Capitalism infuriates central planning elites because it renders them irrelevant. They can’t have that. Their opinion of free markets, entrepreneurs, and human nature was best explained by Nurse Ratched when discussing her new patient, Randle McMurphy,
No. He isn’t extraordinary. He is simply a man and no more, and subject to all the fears, cowardices and timidity that any other man is subject to. Given a few more days, he will prove this, to us as well as the rest of the patients.
Or the rest of the world. In 2020, Wall Street behemoth Blackrock is proving her right. The world’s largest asset manager is sanctioning its own victimhood by caving to Kell’s ESG pressure tactics. According to Rupert Darwall, in his May 2020 City Journal article titled Bad Day at Blackrock?, “ESG investing is already taking a toll on state pension funds—now it might transform the world’s largest private asset manager, too.”
For the common good. ESG investing will infuse the political way of enlightened force into the economic way of voluntary trade in order to prevent us from harming ourselves. One example is the market for opioids, to which Boudreaux writes for the Foundation for Economic Education,
Far worse than drug abuse is power abuse, fueled by the notion that it’s okay to butt into each other’s affairs through the agency of the state. I emphatically reject the notion the agency of the state transforms unjust actions into just actions.
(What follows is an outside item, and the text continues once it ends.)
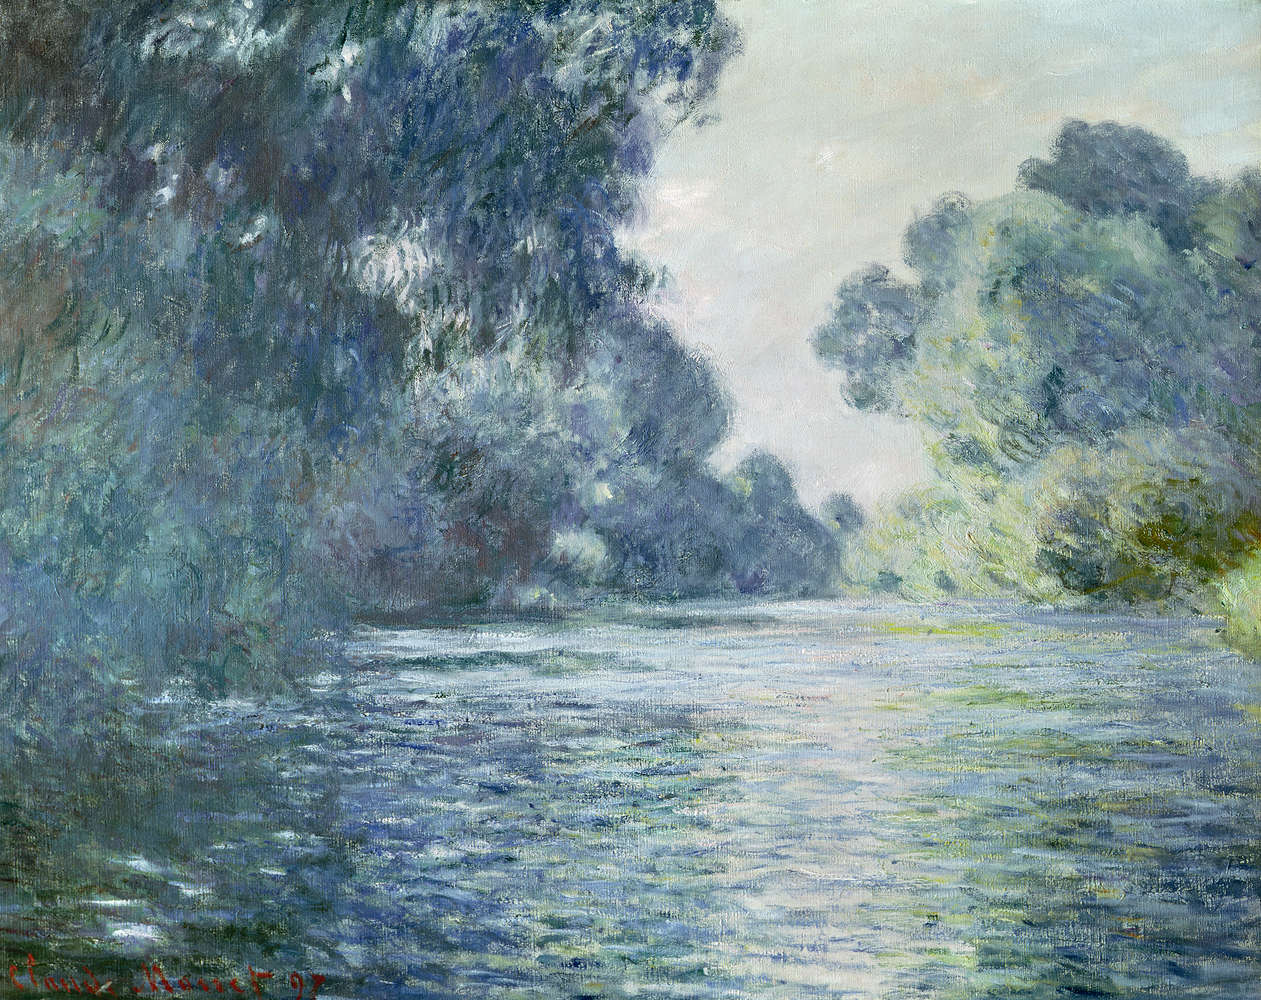             Fototapete "Auf einem Seitenarm der Seine bei Giverny" von Claude Monet

Enter JUST Capital, “We believe that business can and must be a greater force for good and that markets must be part of the solution.” The arrogance and ignorance of this statement is mind boggling. But in a perverted way, it almost makes sense. The progressive dogma of the last 100 years has demonized business and markets.
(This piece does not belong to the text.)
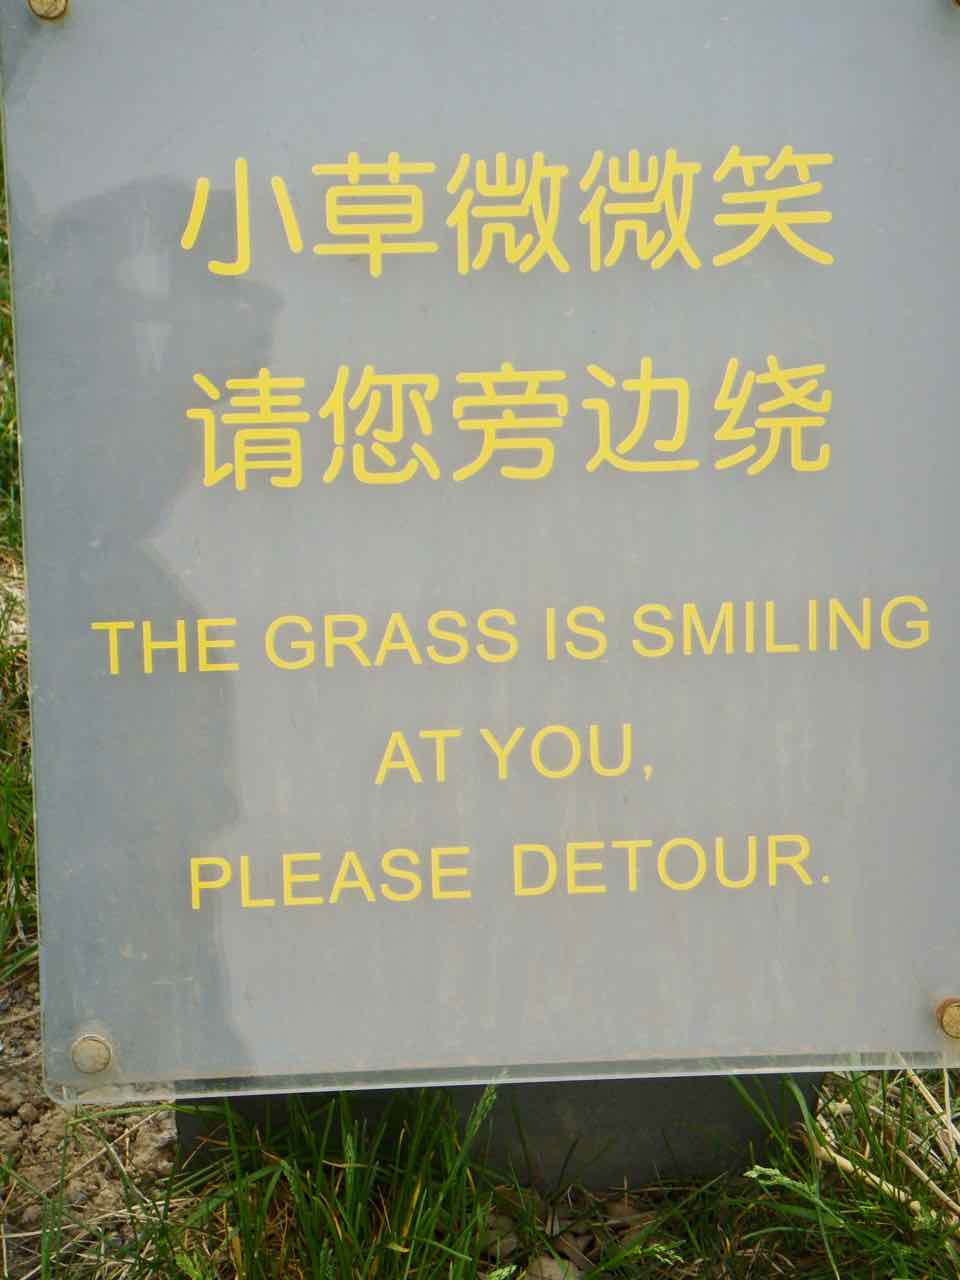 Keep off grass sign Beijing

Yet there is nothing in the JUST Capital models to account for the virtues of productivity, prices, and profits. Those have been replaced with polling, power, and programmatic initiatives. Really. You can’t make this up.
In the face of this insanity, Boudreaux is never at a loss for words. As a principled advocate for the genius of free markets, he liberally borrows the classic ideas of the freedom movement for his indispensable blog, Cafe Hayek. Here he quotes AIER columnist Max Gulker on the importance of market forces in solving the Wuhan virus supply-side disaster,
Reopening firms are not simply central planners with smaller jurisdictions. Best practices emerge in this new landscape. They observe price signals, make mistakes, and adjust countless times. The process of competition, central planners can’t replicate.
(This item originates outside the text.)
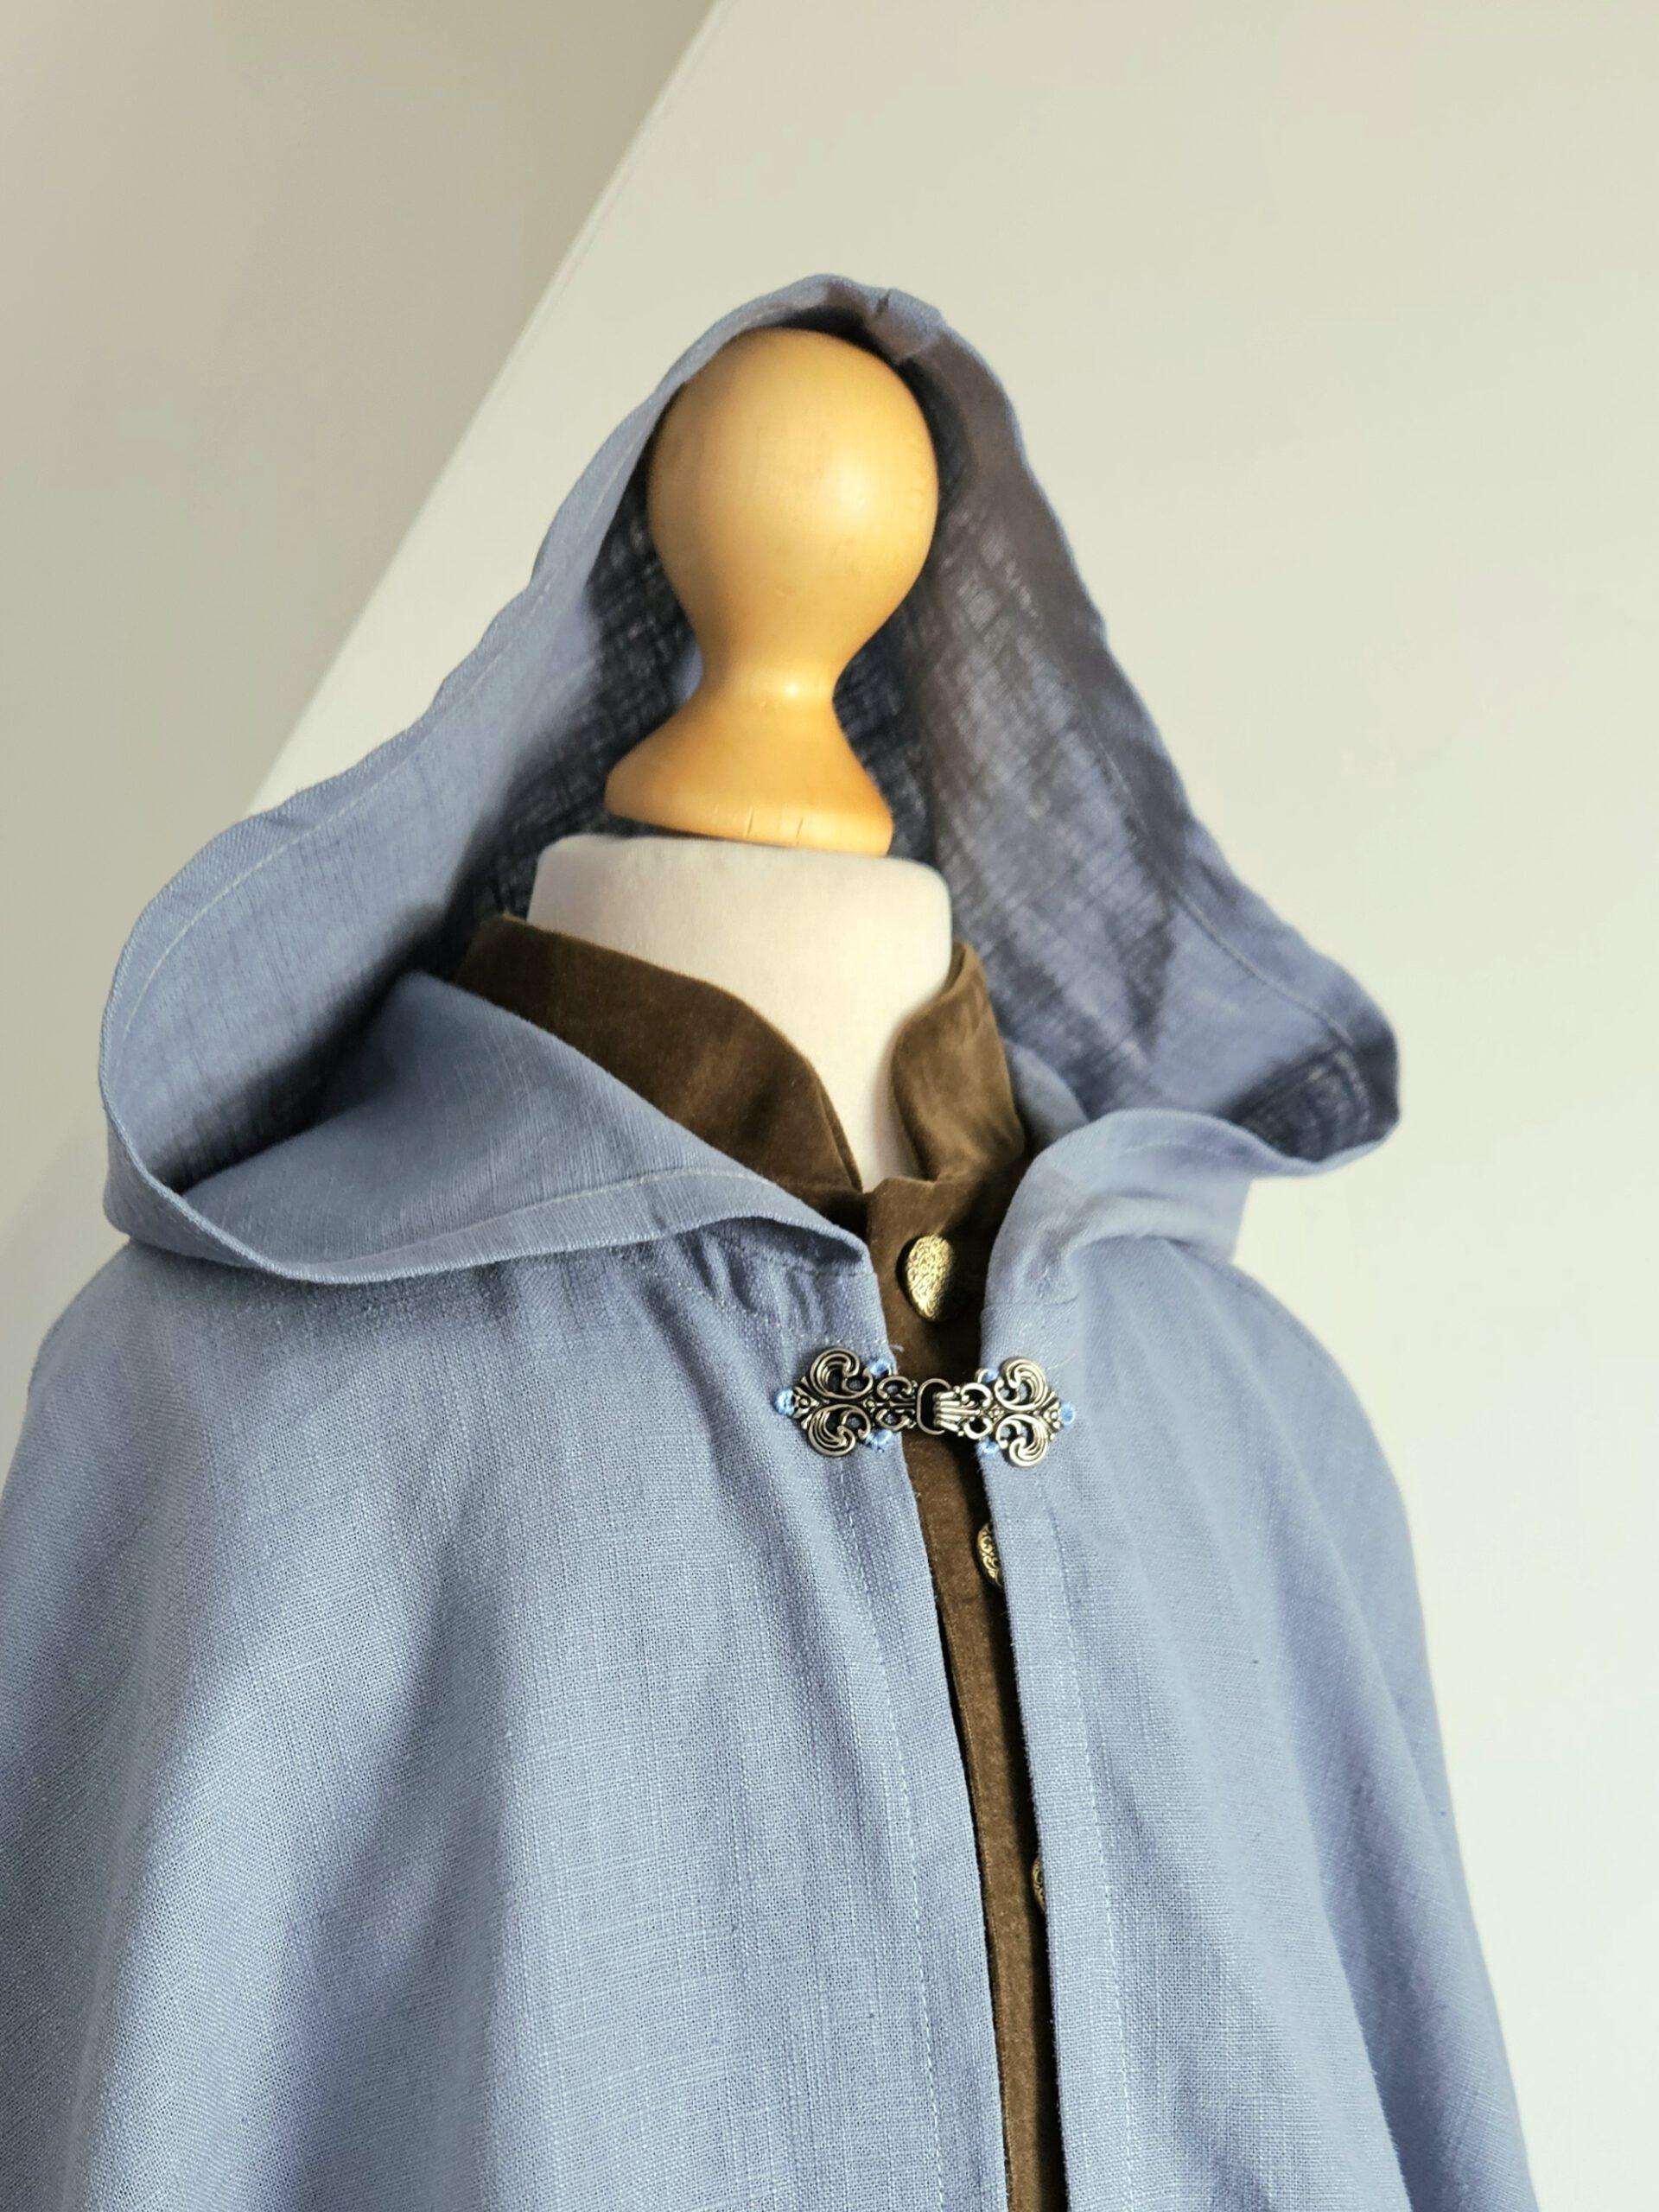 Atelier Spatz pure linen renaissance cloak cape

The Climate Leadership Council is another group of Nurse Ratcheds saving the patients in the psychiatric ward from themselves, this time with their carbon dividend plan.
The first pillar is a tax on carbon dioxide emissions at the mine, well, or port. A sensible carbon tax might begin at $40 per ton and increase steadily over time. All the proceeds would be returned to the American people on an equal basis.
This presumes that someone is going to use these hydrocarbons in the future to create wealth, which someone will. It has worked that way since humans began burning wood. It’s an amazing, life enhancing process. Yet the carbon dividend scheme avoids reality, as Boudreaux explains in I Would Be Richer If I Owned Your Assets,
One cannot separate the existence of the asset from the individuals and the processes that bring the asset into existence. Assets do not create themselves. The creation of each productive asset requires savings, creativity, risk-taking, and actual effort.
It also presumes “the American people” are a monolithic group of dimwits willing to accept higher energy prices because Nurse Ratched laments, “You know Billy, what worries me is how your mother is going to take it.” You don’t want to ruin the planet for your mother, do you Billy?